_TASK GOAL_
Exact copy, no pictures: repeat the data that follows.

_SUPPLIED MATERIAL_
━━━━━━━━━━━━━━━━━━━━━━━━━━━━━━
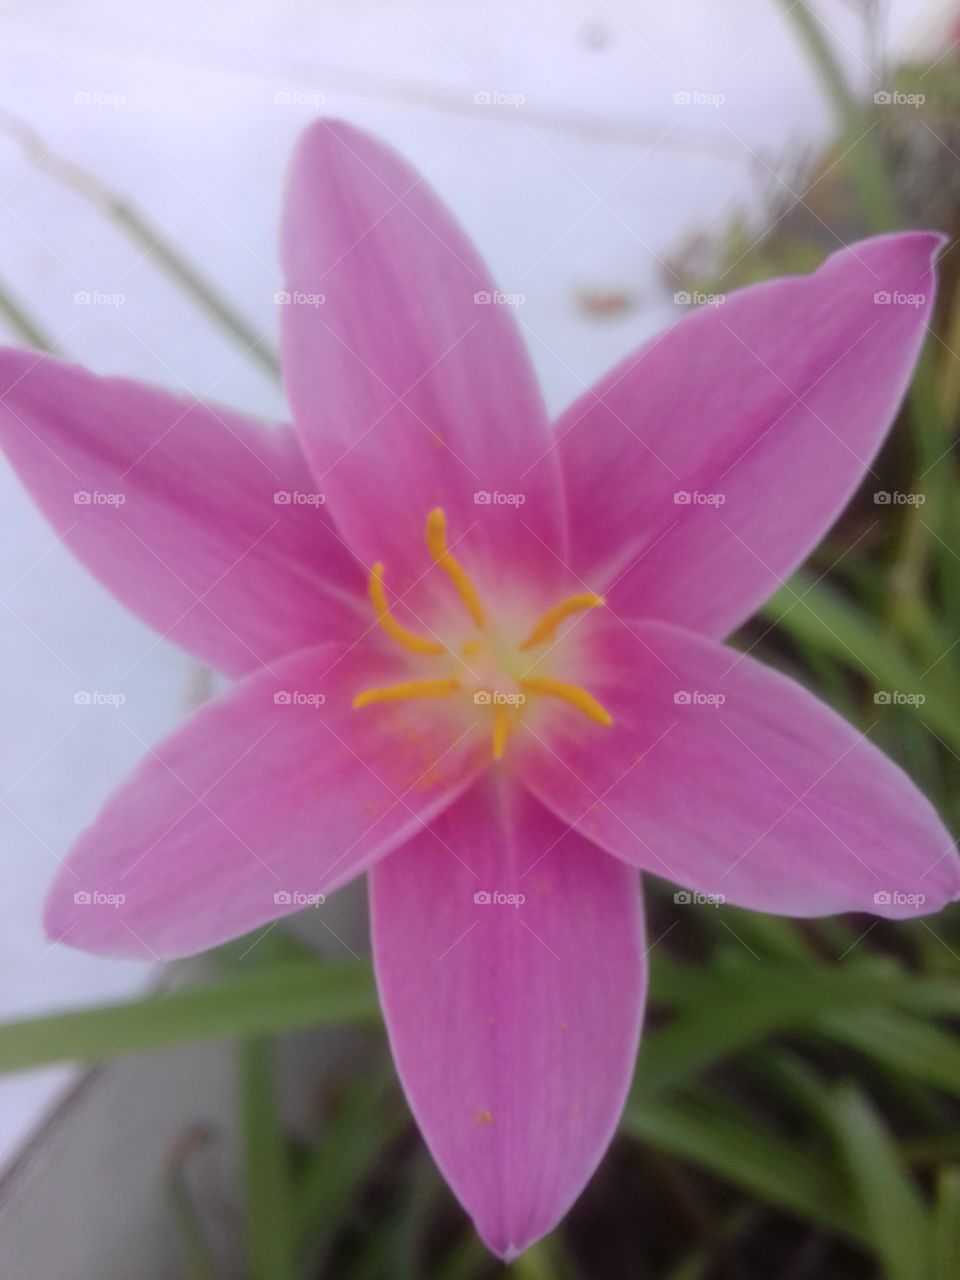 Flor del jardín (pink) Fotografía tomada en el jardín de mi abuelita, pequeños momentos de la vida
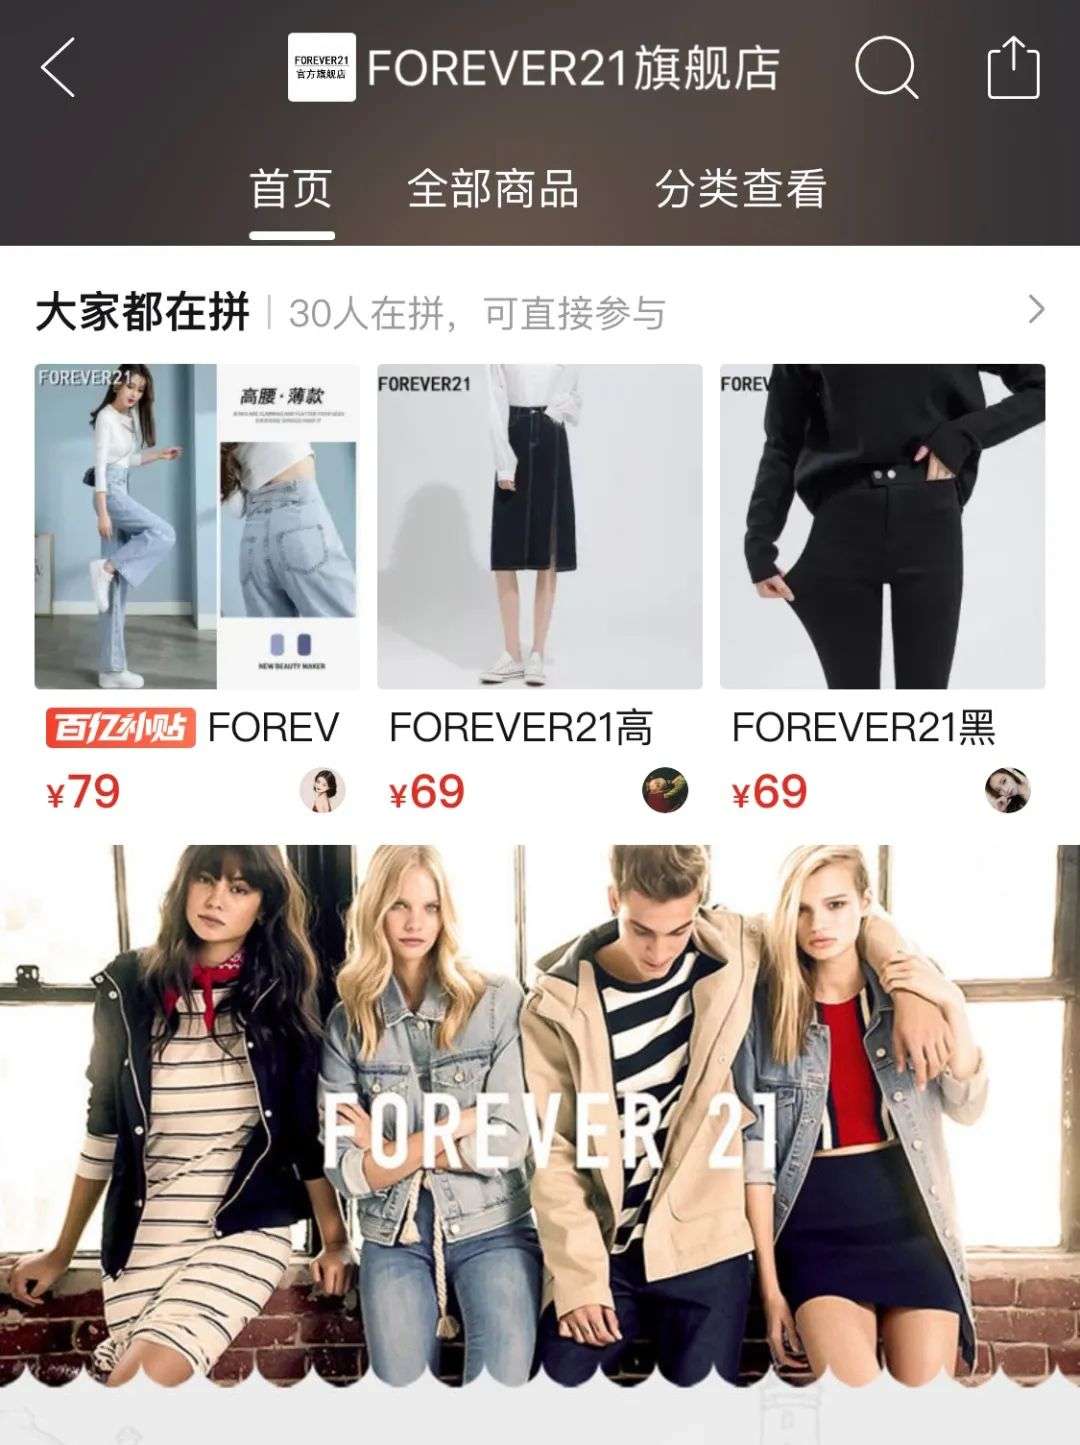 这个快时尚品牌在重返中国市场路上疯狂试探
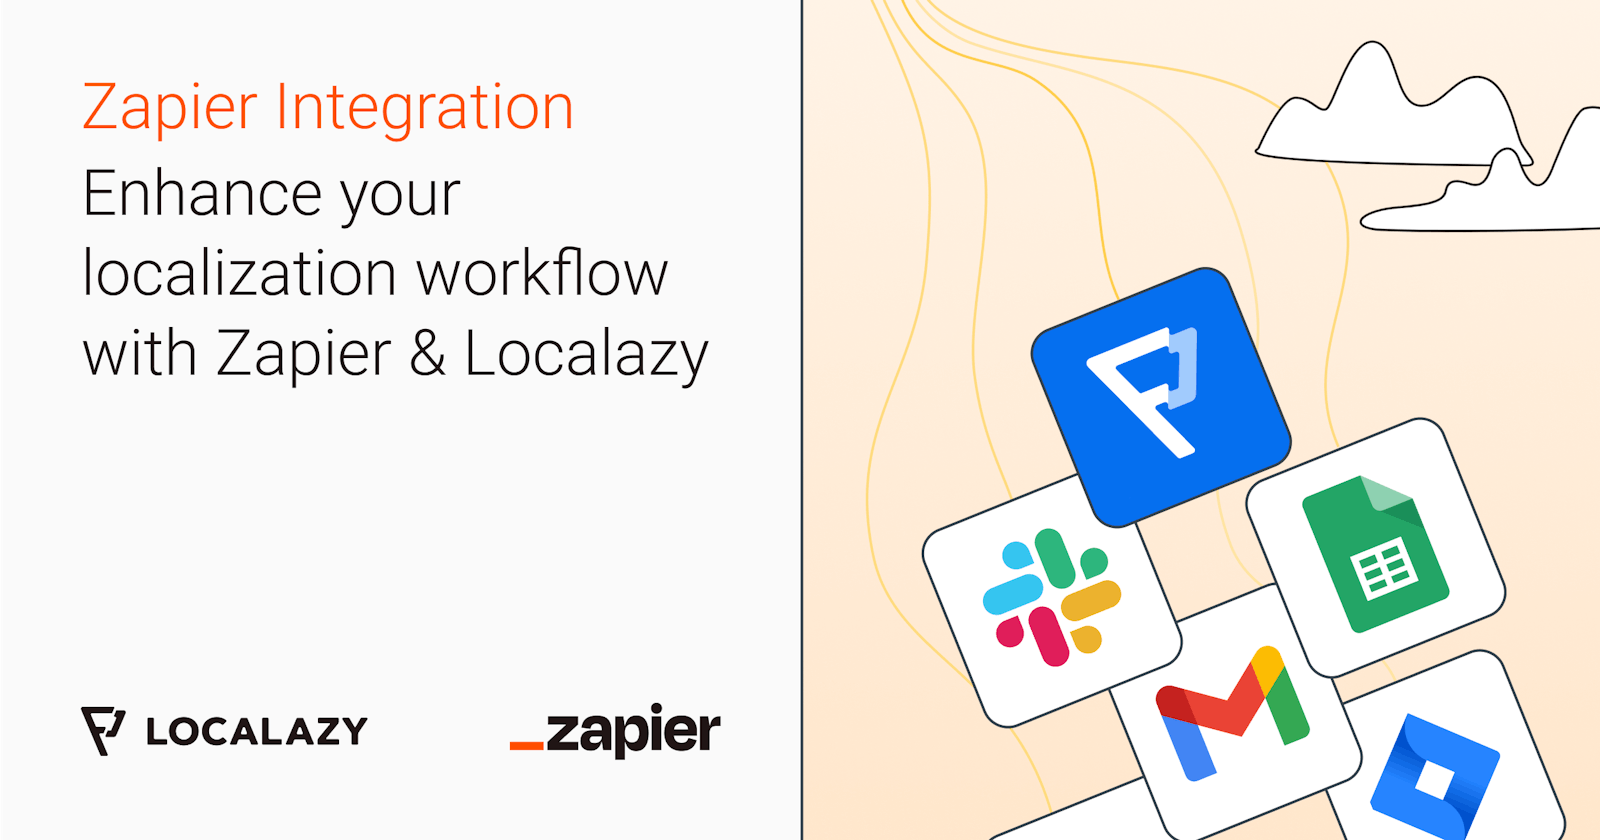 Enhance your localization workflow with Zapier & Localazy
━━━━━━━━━━━━━━━━━━━━━━━━━━━━━━
_OUTPUT_
 Flor del jardín (pink) Fotografía tomada en el jardín de mi abuelita, pequeños momentos de la vida
 这个快时尚品牌在重返中国市场路上疯狂试探
 Enhance your localization workflow with Zapier & Localazy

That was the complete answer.